Samuel is a distinguished engineer and researcher with 10+ years of expertise in database technologies, vector search, distributed systems, and large-scale data processing.

He has a deep technical focus on search indexing systems, time series databases, distributed architectures, and machine learning infrastructure at petabyte scale.

Today, Samuel is a technical lead for OpenSearch at DataStax (now an IBM company) and a member of the OpenSearch Technical Steering Committee. Prior to DataStax, Samuel was the architect and lead engineer of OCI Observability and later OCI Search Services at Oracle Cloud Infrastructure.

Samuel also led large-scale observability and storage projects at AWS EBS, and prior to that, at various startups.

Where to find Samuel on the web:

Let’s start from the beginning — how did you get involved in the search tech industry?

My path into search actually started with a security problem that existing databases couldn’t solve. Back in 2012, I was tasked with building cross-device algorithms to scan everything on our network—from operating systems to applications—protecting sensitive data from potential attacks.

The breakthrough moment came when I realized this wasn’t just an algorithmic challenge. The real bottleneck was that traditional database systems simply couldn’t handle the scale and real-time requirements we needed. That’s when I went down the rabbit hole of building custom storage engines, indexing strategies, and query planners from scratch.
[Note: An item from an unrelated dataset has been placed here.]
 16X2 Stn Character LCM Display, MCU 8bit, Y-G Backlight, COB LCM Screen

When I joined Oracle Cloud Infrastructure in 2017, I encountered logging data at unprecedented scale—hundreds of millions of events per second, petabytes of data daily. Building a proprietary database to handle all of OCI’s logging needs taught me that the line between “database” and “search” gets pretty blurry when you're operating at cloud scale. Whether you’re doing SIEM analysis, security ML, or traditional search, it really comes down to answering questions as accurately and quickly as possible.

The real turning point was when I was tapped to architect something entirely new for OCI—not just another massive observability database, but a true search platform. We chose OpenSearch as our foundation because the open ecosystem allowed us to push performance boundaries in ways proprietary systems couldn’t match. That became OCI Search Services, powered by OpenSearch.
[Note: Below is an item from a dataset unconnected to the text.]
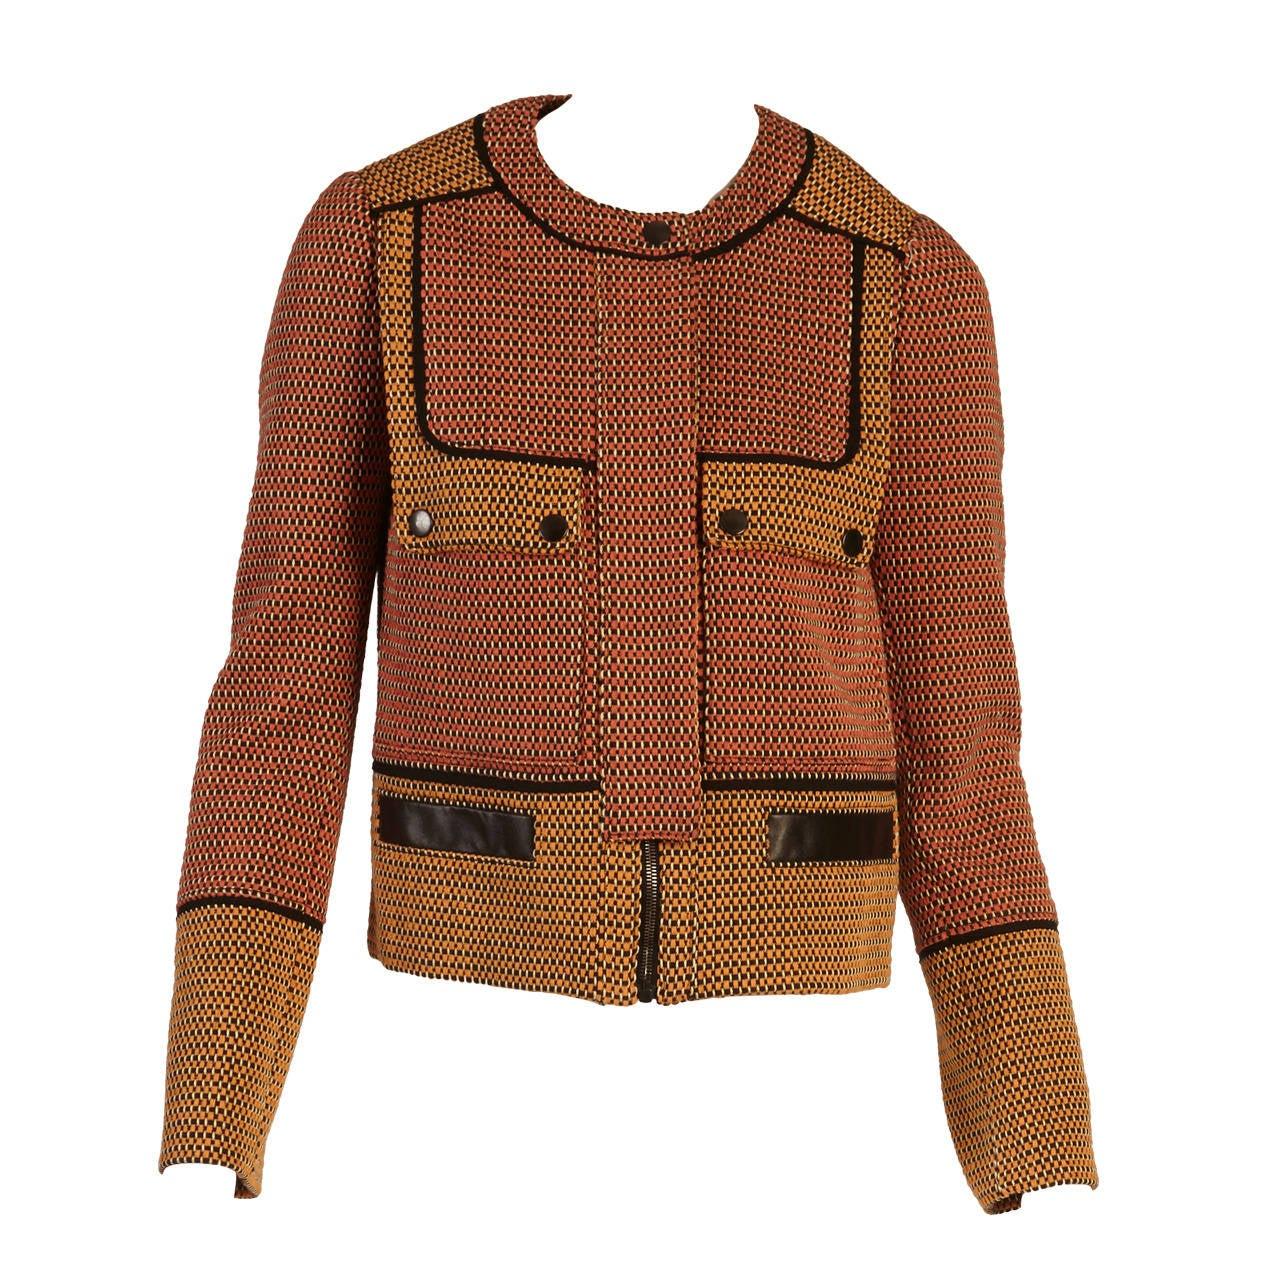 Proenza Schouler Multi-Color Jacket 1

What fascinated me was how the performance optimization techniques I’d developed for security scanning and logging directly applied to search relevance problems. Now at DataStax with jVector and search on OpenSearch, I'm bringing that same systems-level thinking to vector search, where the indexing trade-offs remind me of those early database optimization challenges—just with a lot more dimensions.

Tell us about your current role and what you’re working on these days.

At DataStax, now part of IBM, I’m architecting our next-generation search capabilities for enterprise AI applications. While we have Astra DB—our serverless Cassandra offering—we’re strategically adding OpenSearch to create a unified platform that gives customers the best of both worlds: Cassandra’s operational simplicity for transactional workloads and OpenSearch’s advanced search and analytics capabilities.

My primary focus is pushing the boundaries of vector search quality through jVector, our core vector search library, while simultaneously evolving OpenSearch’s storage engine and KNN capabilities to support features that simply don’t exist elsewhere.

The challenge that keeps me up at night is the recall-performance trade-off problem. Every customer has different vector datasets, different latency requirements, and different cost constraints. A recommendation system serving millions of users has completely different needs than a RAG application doing document retrieval. We’re building adaptive systems that can automatically optimize these trade-offs based on actual usage patterns rather than forcing customers to become vector search experts themselves.

Could you describe a ‘favorite failure’—a setback that ultimately led to an important lesson or breakthrough in your work?

There’s a pattern in my career where I start by thinking “I can build a better X” and end up realizing “Wait, do we even need X in the first place?”

The most recent example happened when I was obsessing over our vector bulk loading performance. I spent days figuring out offline index construction. We were getting decent improvements, but I kept hitting walls whenever I thought of any real-world use cases.

What about incremental updates? What happens during changes? Deletes? It added too many edge cases and too much operational complexity.

The breakthrough came during a particularly frustrating debugging session at 2 a.m. I was debugging plumbing issues for an offline-generated index when I had this moment of clarity: I was optimizing the wrong thing entirely. Instead of making throughput faster by introducing bulk loading, what if we made regular inserts so efficient that bulk loading became unnecessary?

That complete mental shift led to what became our in-place graph modification approach—where every single insert gets most of the benefits we used to reserve for bulk operations. Instead of having two completely different code paths with different performance characteristics, we have one path that’s fast for everything.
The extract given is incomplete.